When my son won a recent art contest, we received admittance to a black tie gala benefitting the Cystic Fibrosis Foundation. At first, I was ecstatic. As I rattled off all of the details to my husband, it felt like we were Cinderella and family.
The elation lasted until reality set in. My husband didn’t own a black suit. I didn’t own a formal gown. My children had only “church clothes” at best: khakis and polo shirts. When checking the website for confirmation of appropriate attire, I noticed that the gala was attended by the city’s “most prominent professional and social leaders.” My throat constricted. Our living room got hotter. I wasn’t sure we could do this.
The next day, I got a message on Facebook from a friend. She asked about the gala and asked if we would definitely be attending. Nervously, I confirmed that we would be there, and she didn’t hesitate to purchase tickets for her family to attend. They were familiar with black tie events. They had the attire. They knew how the evening would proceed. They had the financial resources. They would be at our table, at our sides, giving us the support we would need.
So I dug through our closets. I had shoes from our wedding. My husband had pants, a dress shirt, and a tie. My oldest son had black dress shoes. My youngest son had a tie. I borrowed a dress and jewelry from my mother-in-law. And thanks to a good sale at Kohl’s, we were able to purchase what we lacked. I knew we weren’t going to be on the best-dressed list, but I hoped that we would blend in enough to satisfy my comfort zone.
When we arrived to the event, there were men in tuxedos and snappy black suits. There were women in flowing, sparkling gowns. And yet, I didn’t feel out of place. Our boys got a lot of attention. Men and women alike were giving my oldest son high-fives and making comments on how handsome he looked. Our baby boy got lots of “awws” in his Mickey Mouse hand-me-down tie. I started to feel at ease. Like we were supposed to be there, and like we were catching a glimpse at how the other half lives at the same time.
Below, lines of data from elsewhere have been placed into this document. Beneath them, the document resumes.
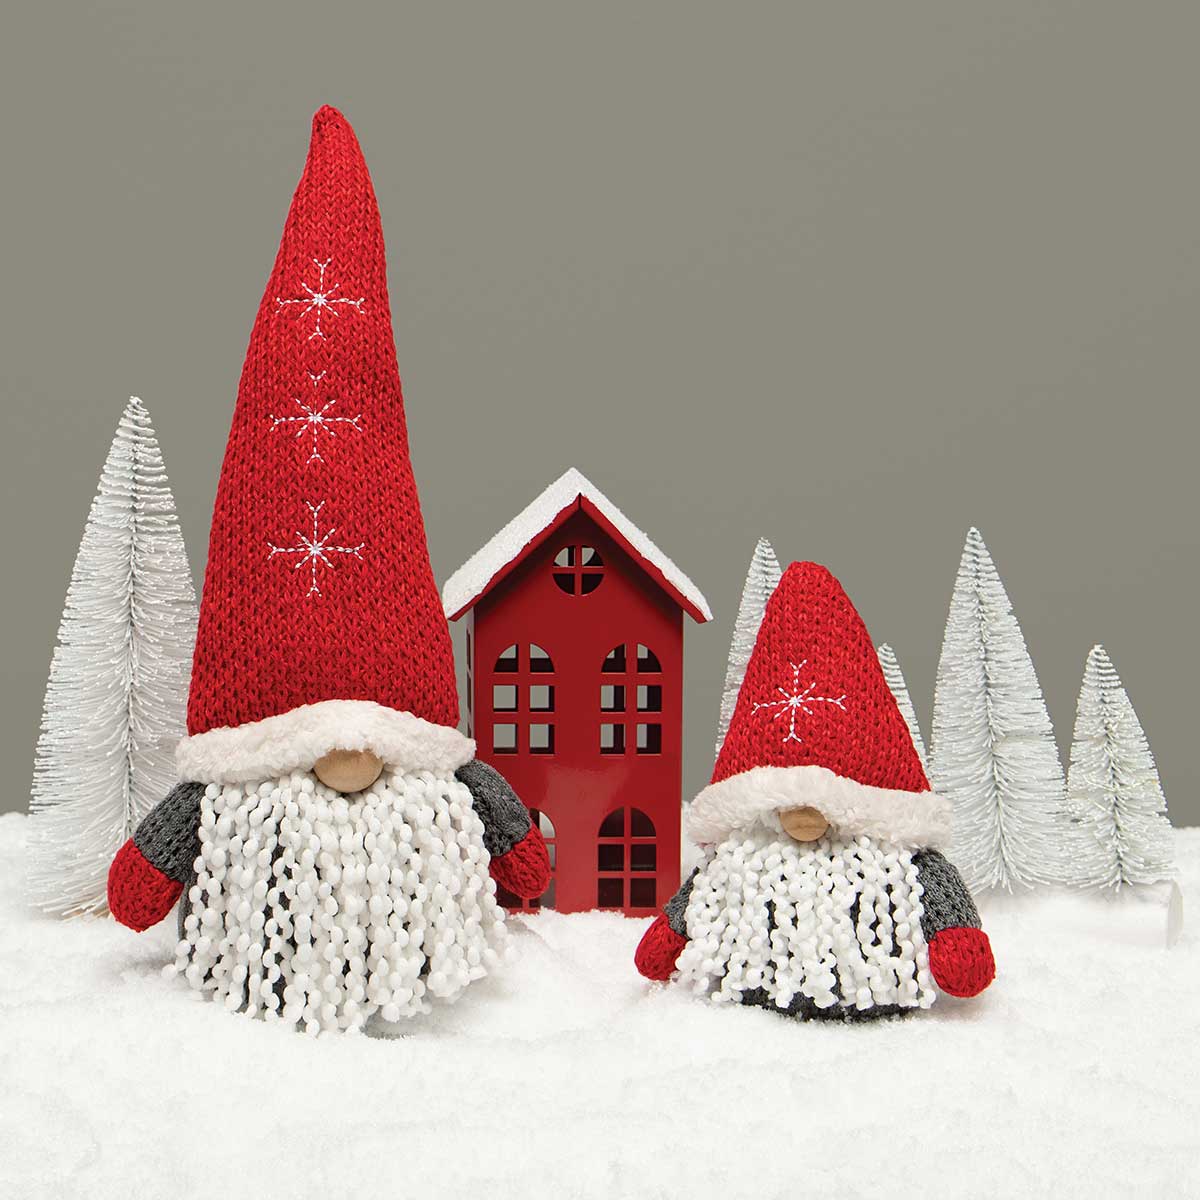 !TALL METAL HOUSE RED WITH SNOW, GLITTER AND MICA 4"X8" b50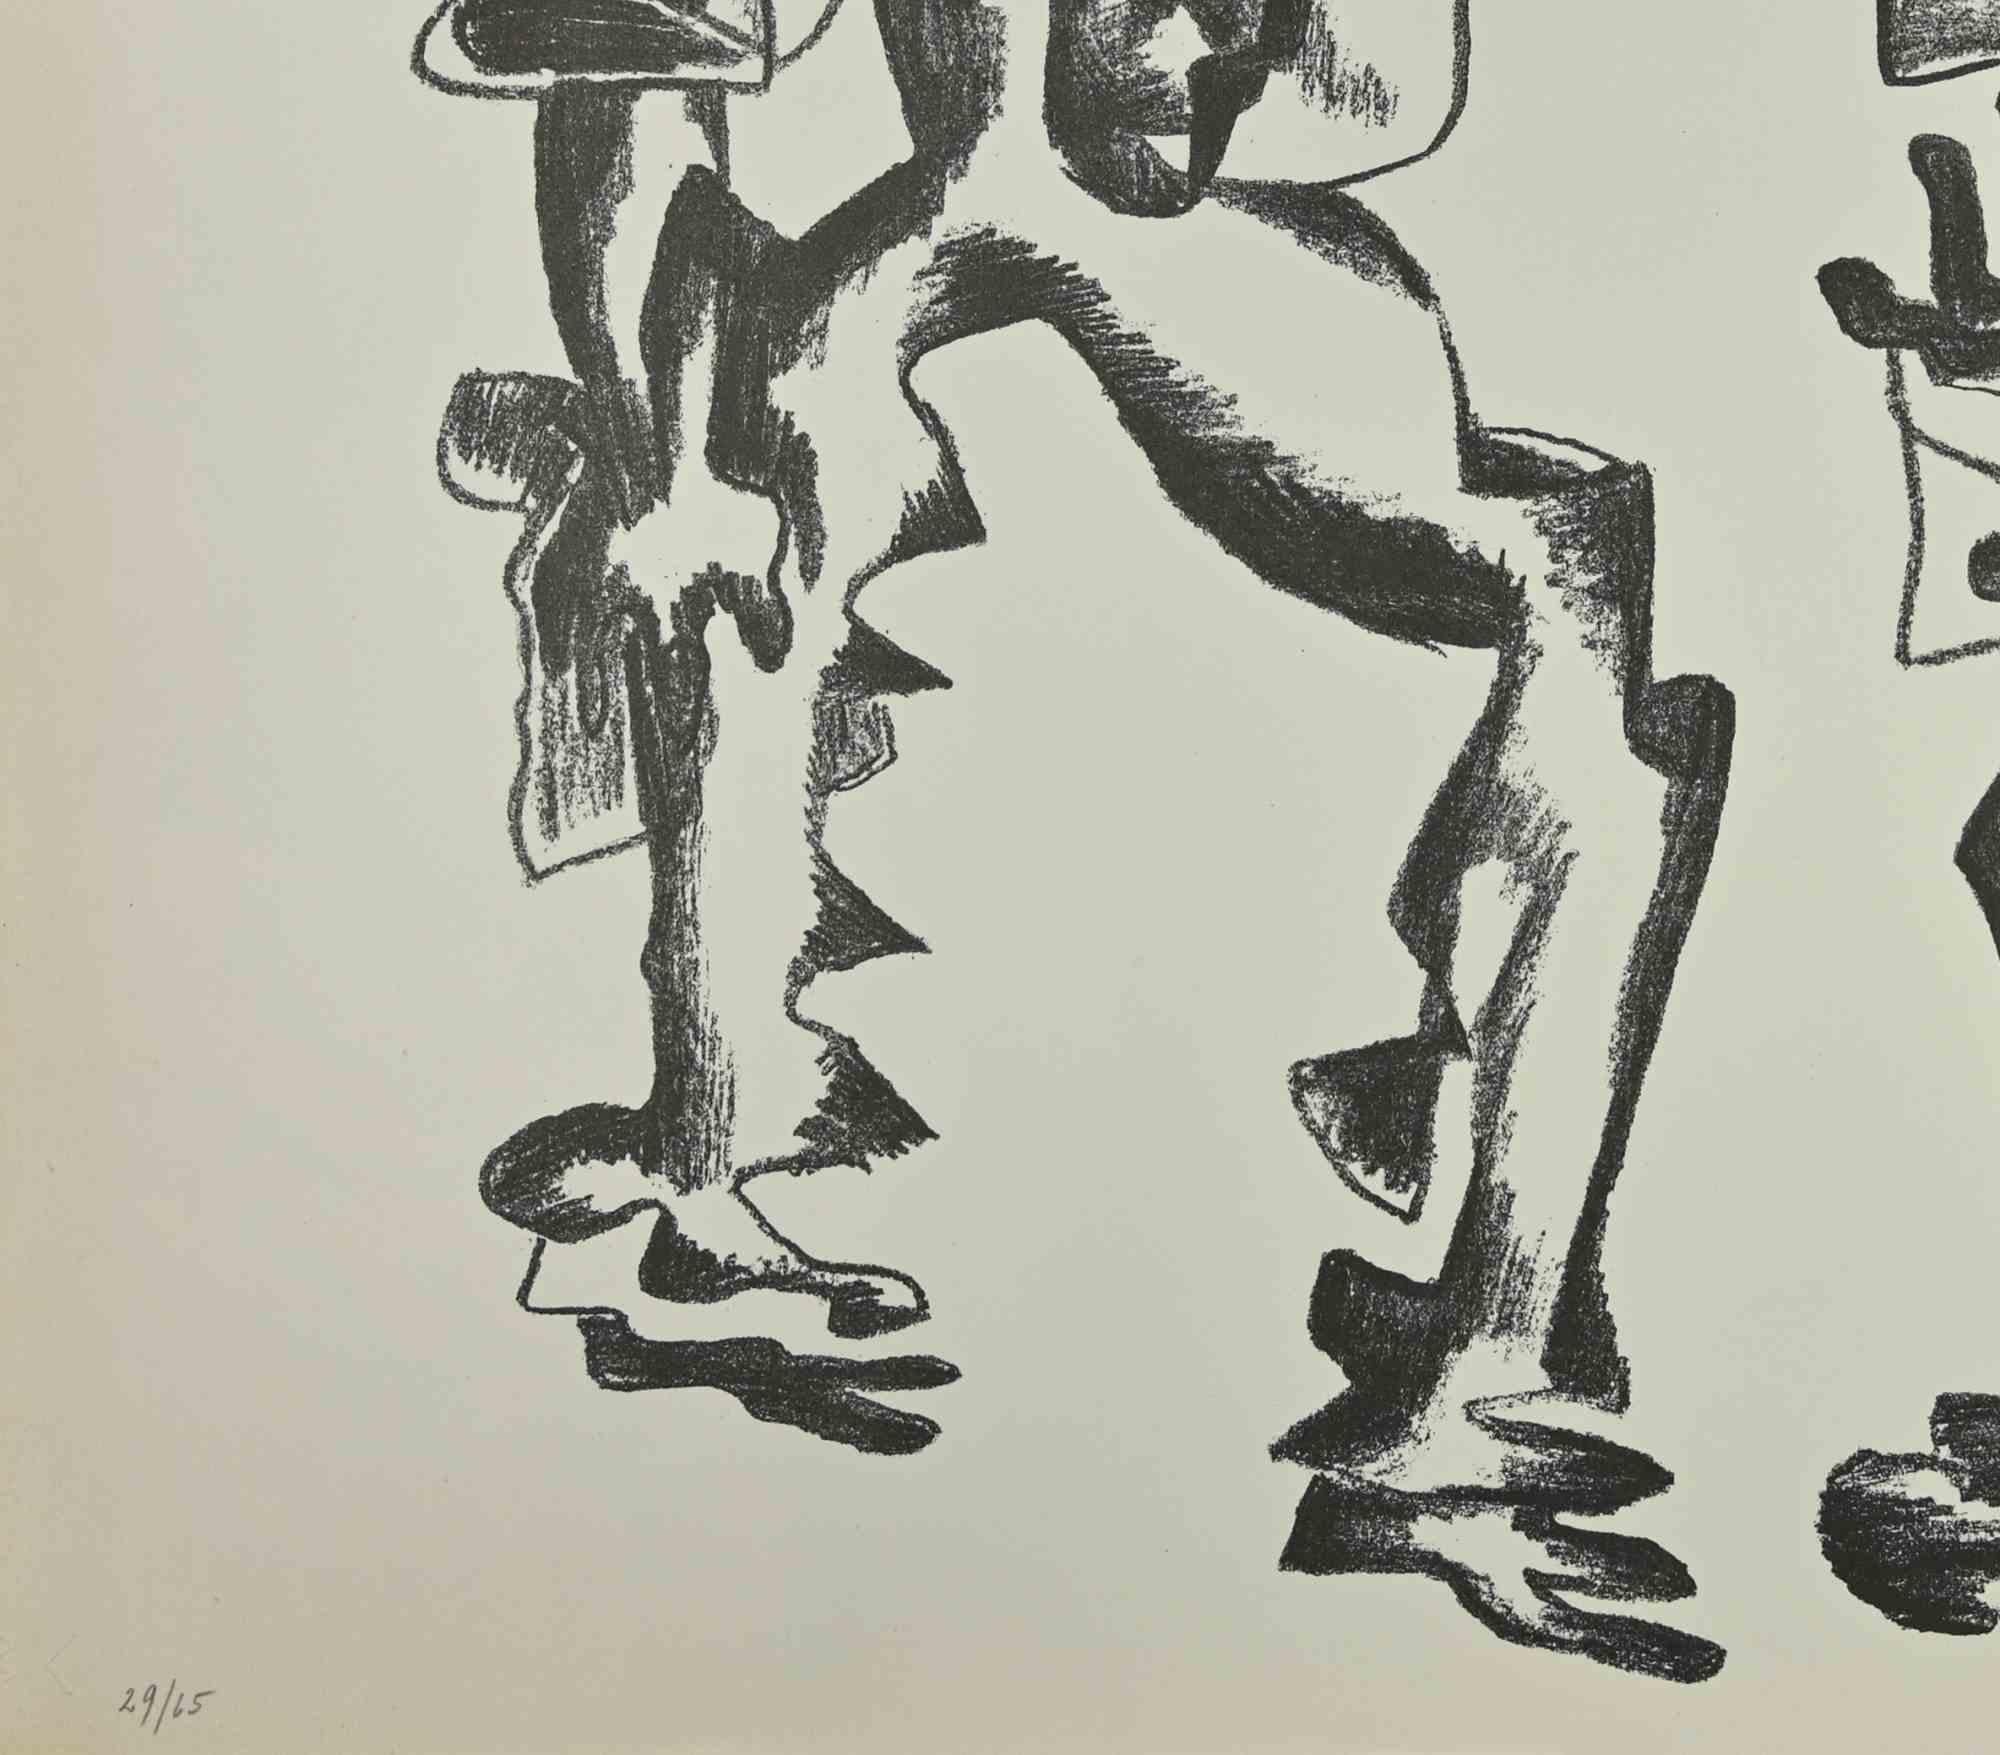 Untitled is an artwork realized by Ossip Zadkine in the mid-20th Century. 

Lithograph, 50 x 65 cm, no frame. 

Numbering (copy 29 / 65) in pencil in the front.

Blind stamp Atelier Ossip Zadkine. 

Notes: Ketterer Editions, Munich. 

Very good

As we sat at the table for dinner, our children joked and laughed. My friend asked our son if he had prepared a speech for when he goes on stage to talk about his artwork. And suddenly, all of my panicking returned. I had been so worried about our appearances and blending in, that I had failed to help my son, the only one of us who was truly going to be on display.
“We’ll just wing it,” I said, nodding confidently at my son, despite all of the “you’re a terrible mother!” alarms going off in my head.
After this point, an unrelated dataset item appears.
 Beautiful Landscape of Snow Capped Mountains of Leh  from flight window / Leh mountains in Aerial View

My friend offered my son her expertise. “You need to get up there and say, ‘I made this artwork to help my brother who has CF. It’s worth MILLIONS. I need you to open your pocketbooks, and DIG AS DEEP AS YOU POSSIBLY CAN.”
We all laughed. It was a great speech, and I was kicking myself for not thinking of something so clever to help him.
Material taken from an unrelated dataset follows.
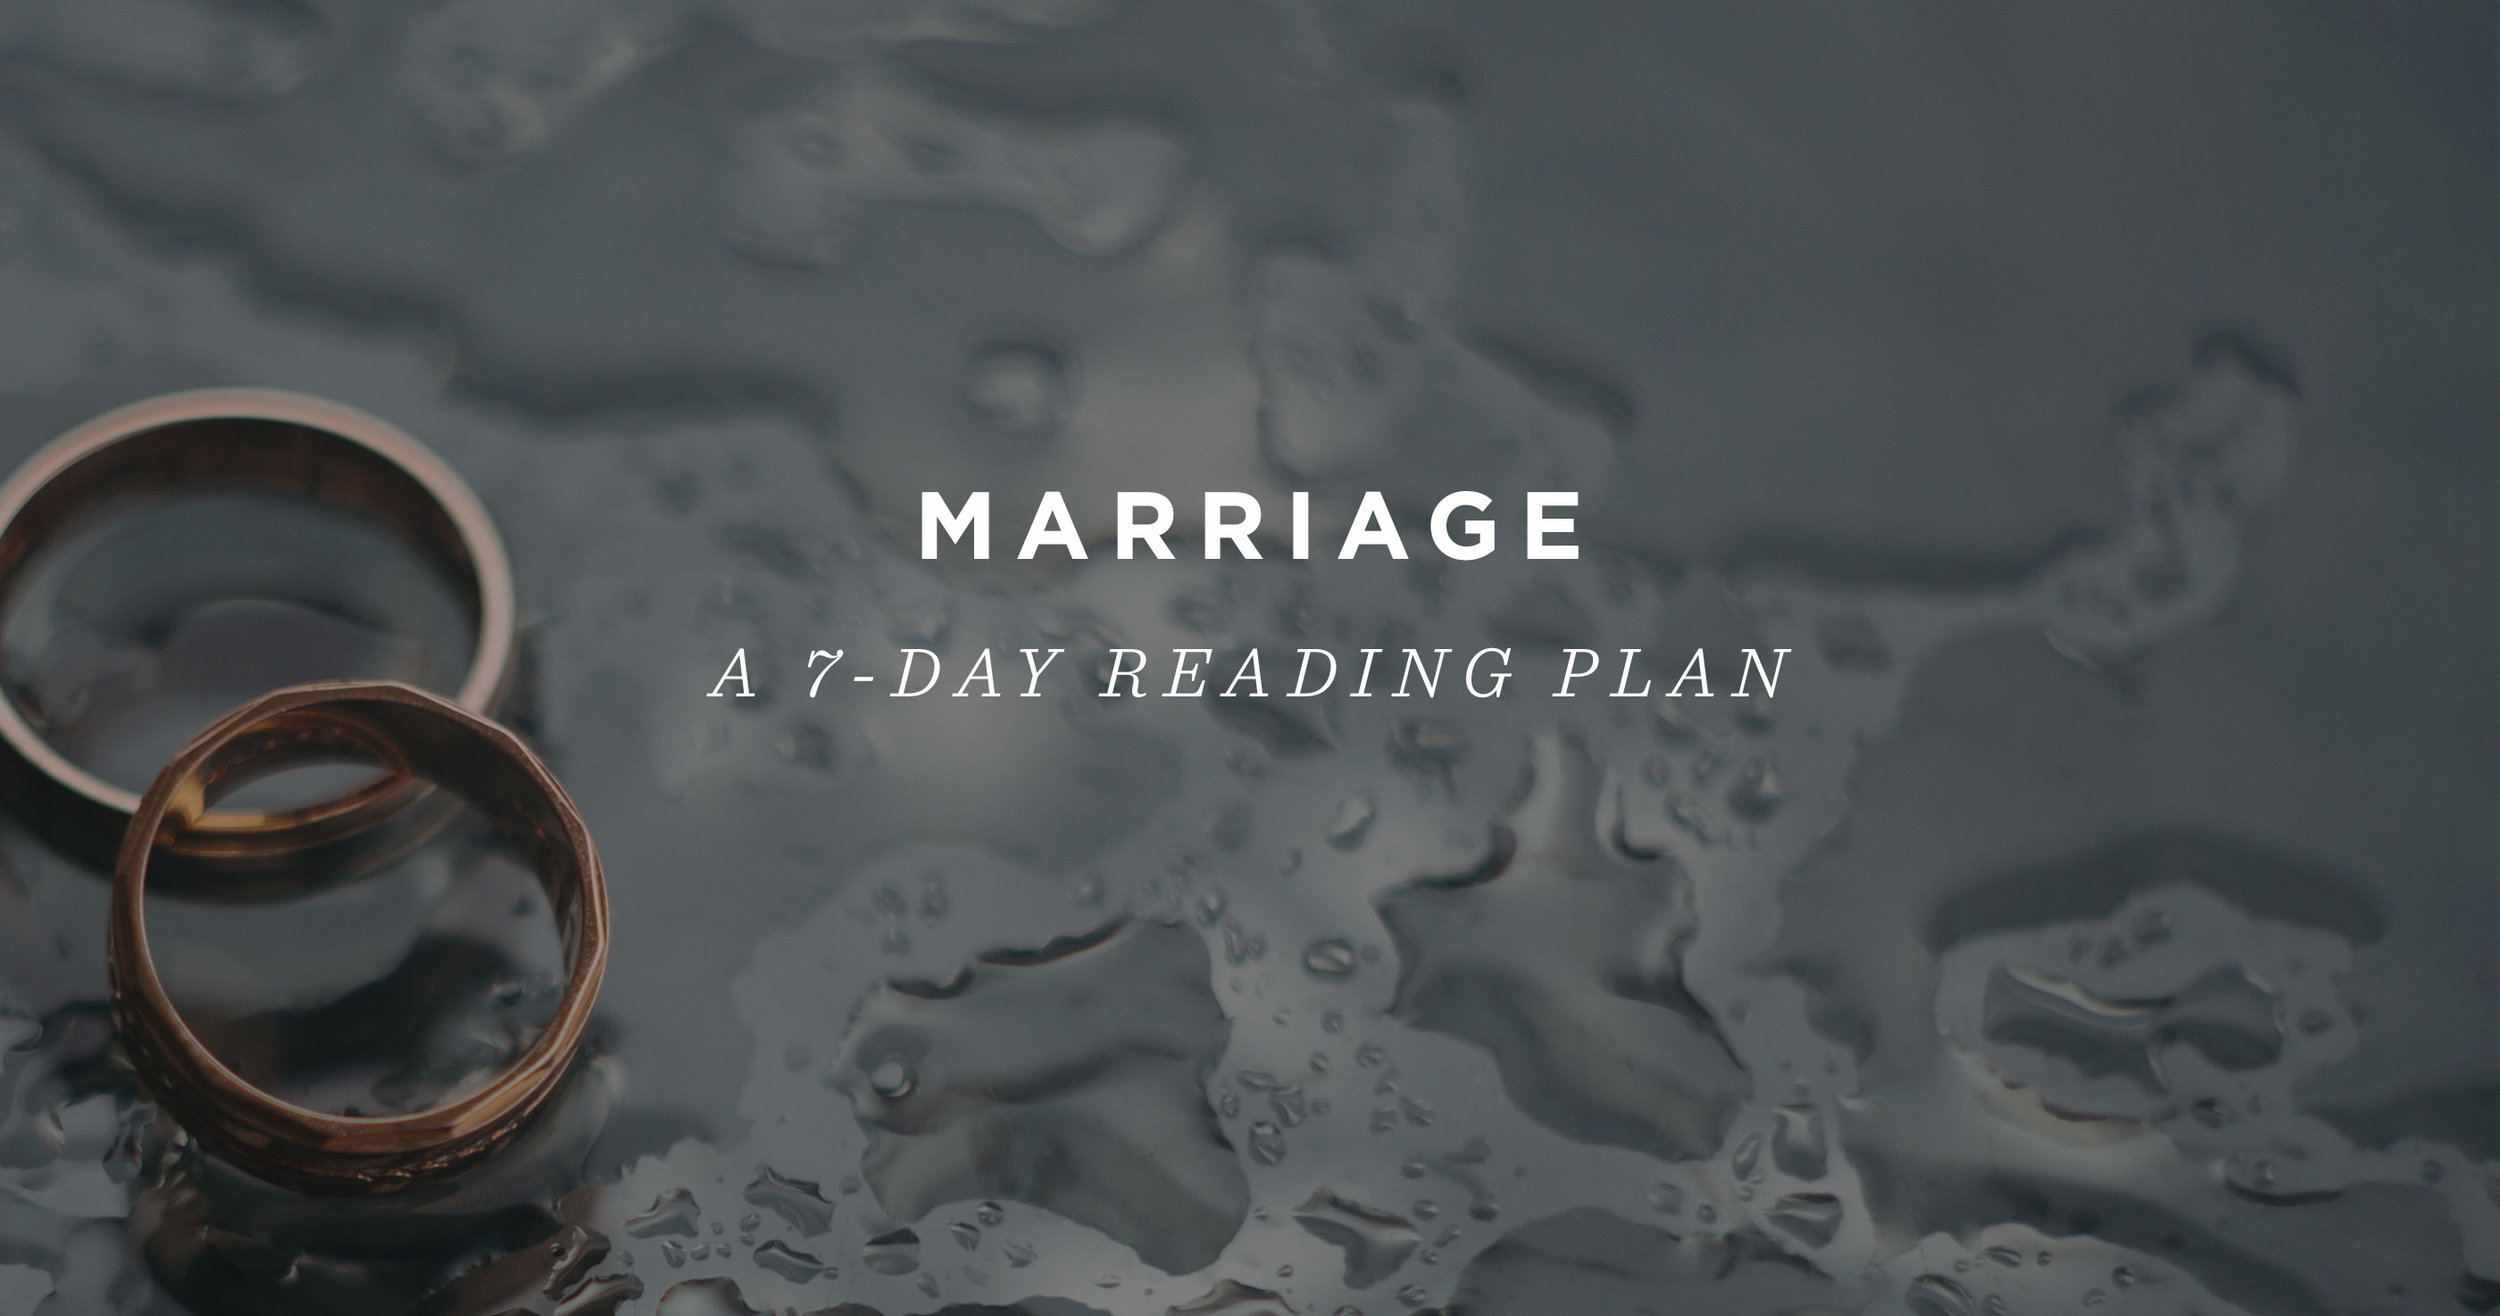 Marriage: A 7-Day Reading Plan

When the MC called my son to the stage, he jumped out of his seat and marched straight to the stage. He was on a mission. I could see a twinge of nervousness in his face, but there was enough determination there that I knew he was going to do it. He was going to stand in front of all of those well-dressed people and speak. I stood next to the stage with my husband, holding our baby boy in my arms. My son climbed up the step stool at the podium. From the front, one could see only his little blue eyes and forehead. The MC asked him to step down and stand next to his artwork instead. He asked my son to tell everyone a little bit about his artwork. My son was quiet. Although I could see him collecting his thoughts, none of them were making their way out.
“Dig deep!” my friend whispered loudly from the audience.
My son looked at her. Then he looked over at us. And then quietly but clearly he said, “My brother painted the green grass, and then I drew the flowers and painted them. And that’s all I remember.” Everyone chuckled at his cuteness. It was the perfect speech. Not rehearsed, not embellished. A simple response that was all his own.
The auctioneer started the bidding, and he was quickly on a roll. My son watched as the hands went up around the room. $500. $550. $600. $700. $800. $900.
“I should keep you up here all night!” the auctioneer said to my son.
My son replied, “I don’t know if I could stay up here all night. I might get tired.”
More chuckles from the crowd. $1,000. $1,100. $1,200. Going once. Going twice. My son’s artwork was sold to a gentleman in the front for $1,200.
Now that everything is back to normal in our cozy little home, there are no more anxieties. I left all of those at the gala, and I returned home with more pride in my son than I’ve ever felt, more thankfulness in the generosity of people like our friends, and an internal acknowledgement that my six-year-old son was braver that night than I have ever been.